ASP (Atmospheric Sounding Projectile) is the designation of an American sounding rocket family. ASP was used for a variety of uses, including research into hypersonic speed and to propel rocket sleds. In NASA service it was flown from a number of locations as a sounding rocket. The selection by NASA of the Apache and Javelin rockets for the jobs performed by ASP led to its retirement.

== Versions ==

=== ASP-I ===
ASP-I was used to sample nuclear explosions and resultant clouds The ASP was the fastest single stage sounding rocket when developed.
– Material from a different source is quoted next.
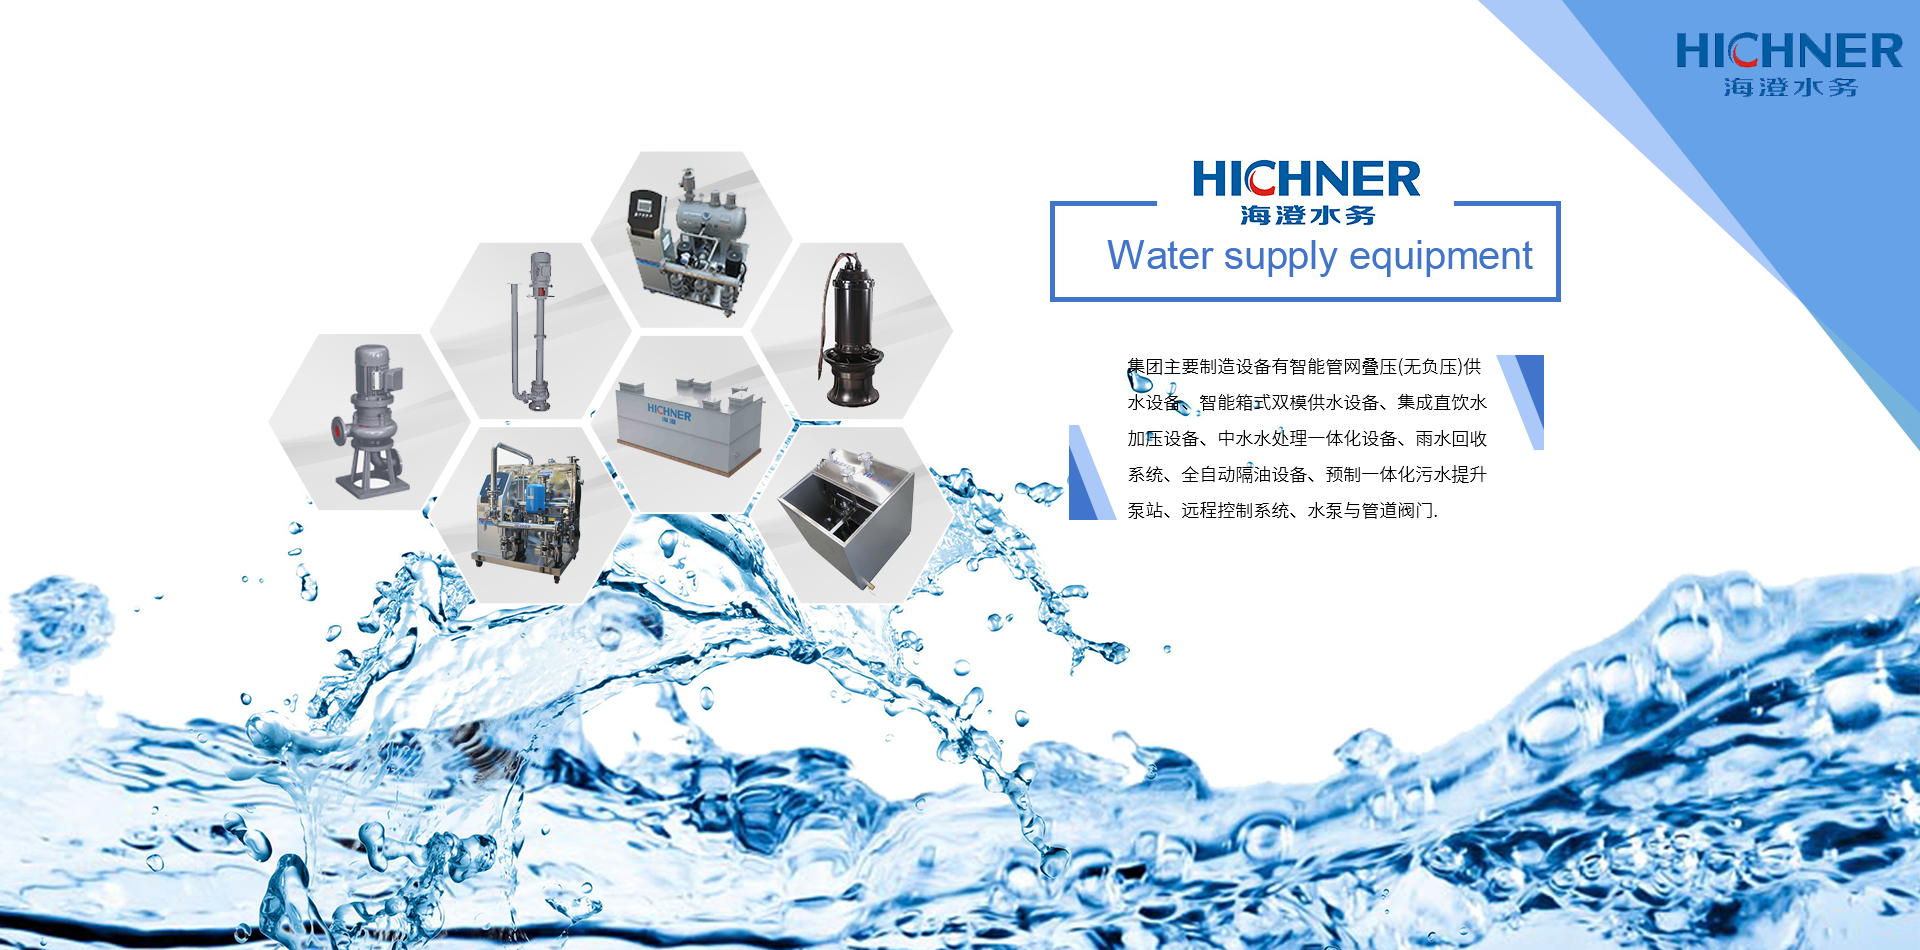 上海海澄水务科技集团有限公司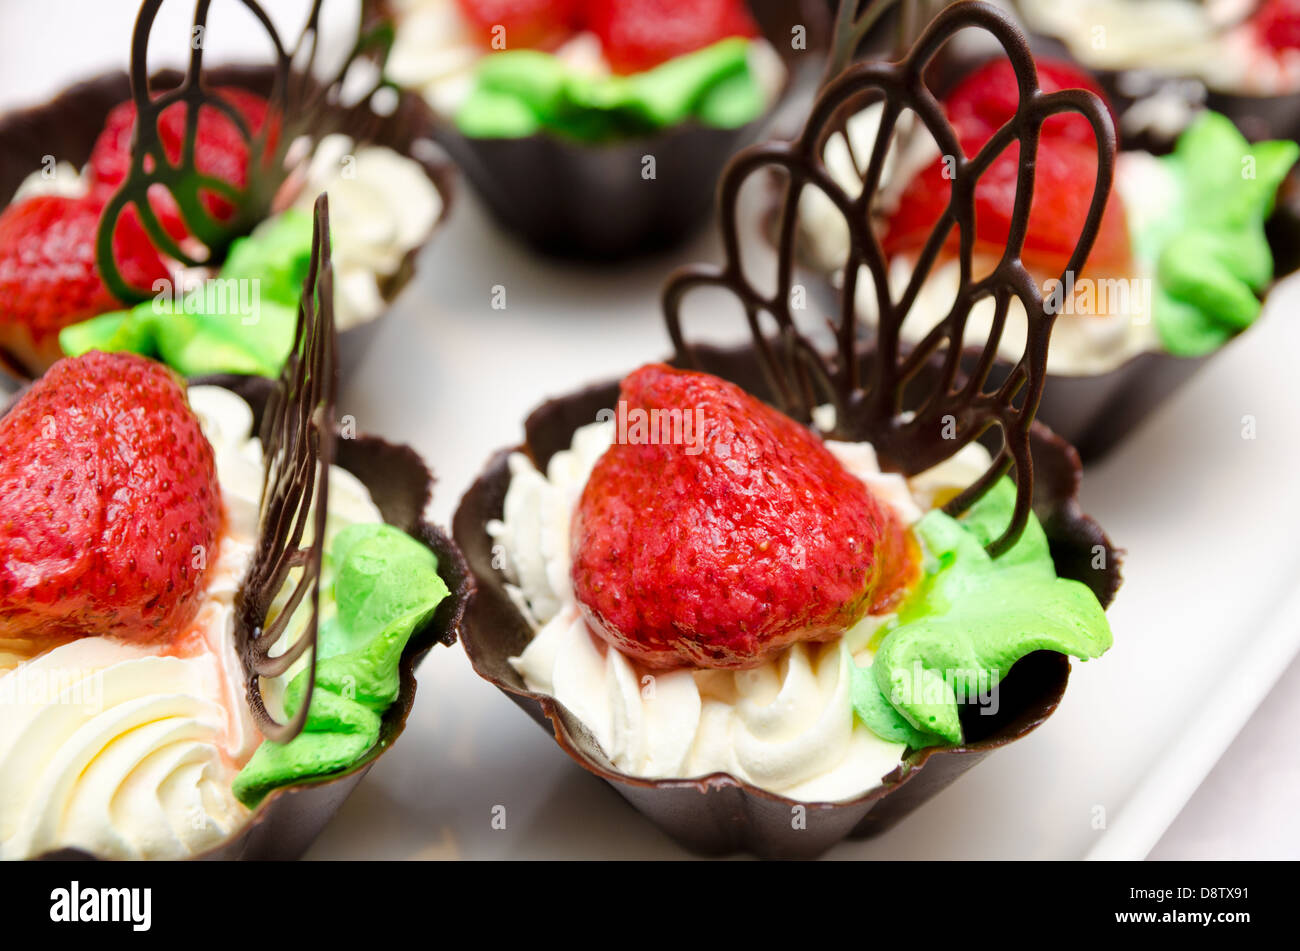 strawberries whip cream Stock Photo

The Asp was manufactured by Cooper Development Corporation, California. The solid propellant motor was made by Grand Central Rocket company.

The ASP-I has a payload ability of 11 kg, a maximum flight height of 110 km, a takeoff thrust of 42.00 kN, a mass of 111 kg, a diameter of 0.17 m, a length of 3.68 m and a fin span of 0.51 m.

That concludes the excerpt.